Take a listen (and don't turn it off too soon -- wait 'til you've heard the actual song he's singing about).
Now, being the geeky fangirl I am, I've actually pondered this before. It's one thing for Paul McCartney to sing "My Love" and think about his late wife Linda, whom he loved till the day she died; it's another for Eric Clapton to sing "Layla" about his ex-wife Pattie Boyd Harrison Clapton, whom he divorced. How does he feel, singing that song? Does he picture Pattie to himself or does he just sing the notes?
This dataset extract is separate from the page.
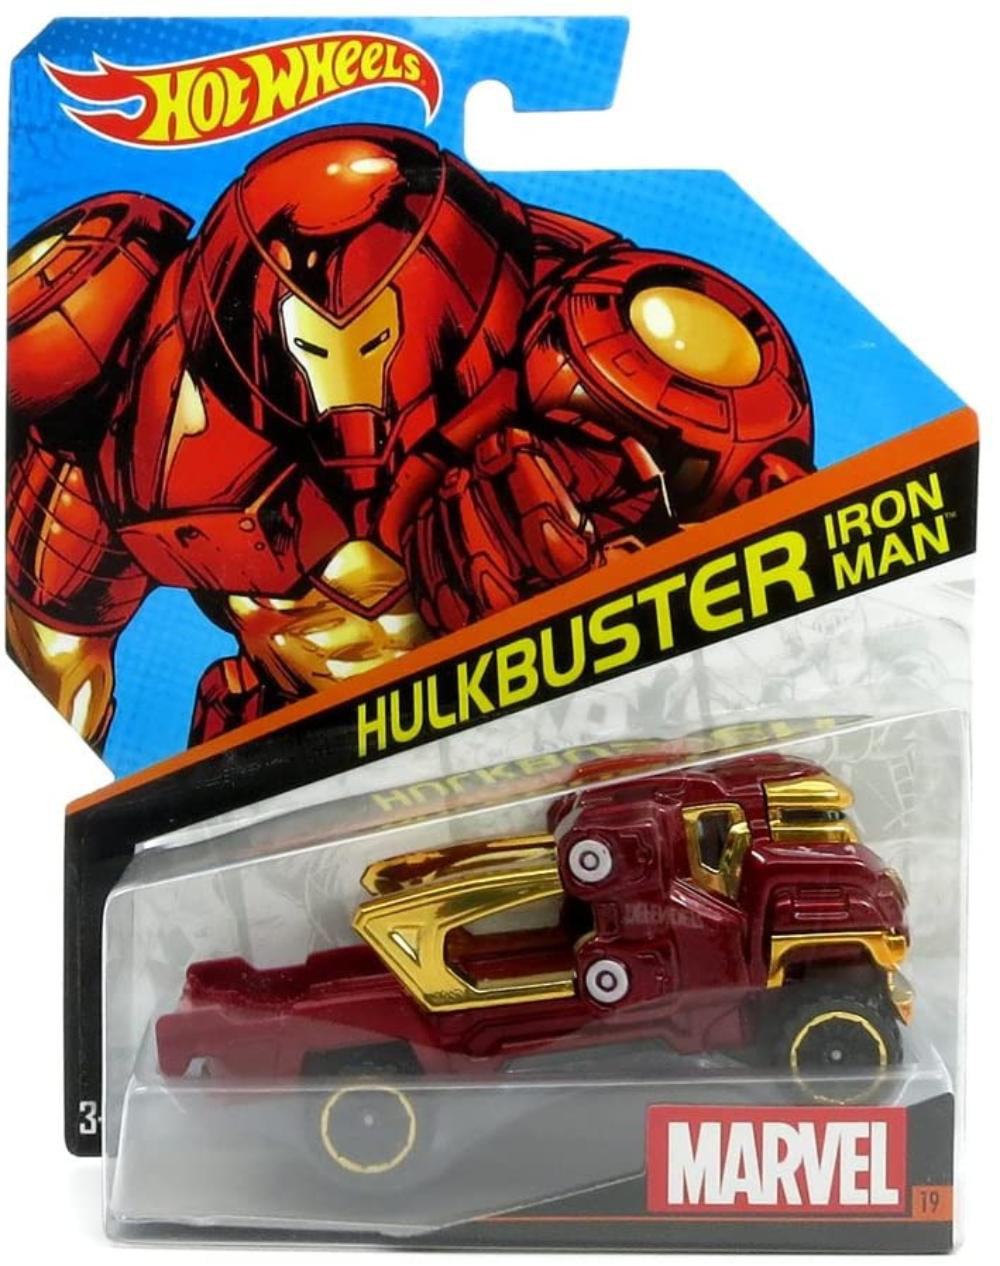 Hot Wheels, Marvel Character Car, Hulkbuster Iron Man 19

Ray Davies can cut a song like "Property" out of his repertoire if the memories of his divorce sting too much (was that Yvonne he left for Chrissie Hynde?), but what if you only had a couple of recognizable hits? Could Gerry Marsden have gone on singing "Don't Let the Sun Catch You Crying" if the girl he wrote it for hadn't come back and married him? And what about the Left Banke -- if they'd stayed together, would they be forever singing "Walk Away Renee" about the bassist's girlfriend, that girl who got away? It makes you think.
So it's secretly thrilling to hear that Nick Hornby has been wondering this too. (Have you been reading my diary again, Nick?) Hey, he's no rock star himself, so he's free to imagine, just like he can imagine himself into the life of a nine-year-girl or a redneck Alaskan stud. He's a talented wordsmith and all, but it's that understanding of the human heart that really makes Nick Hornby so wonderful to read. And when you add in Ben Folds' plaintive melodic gifts -- well, it's a heartbreaking album. But in a good way.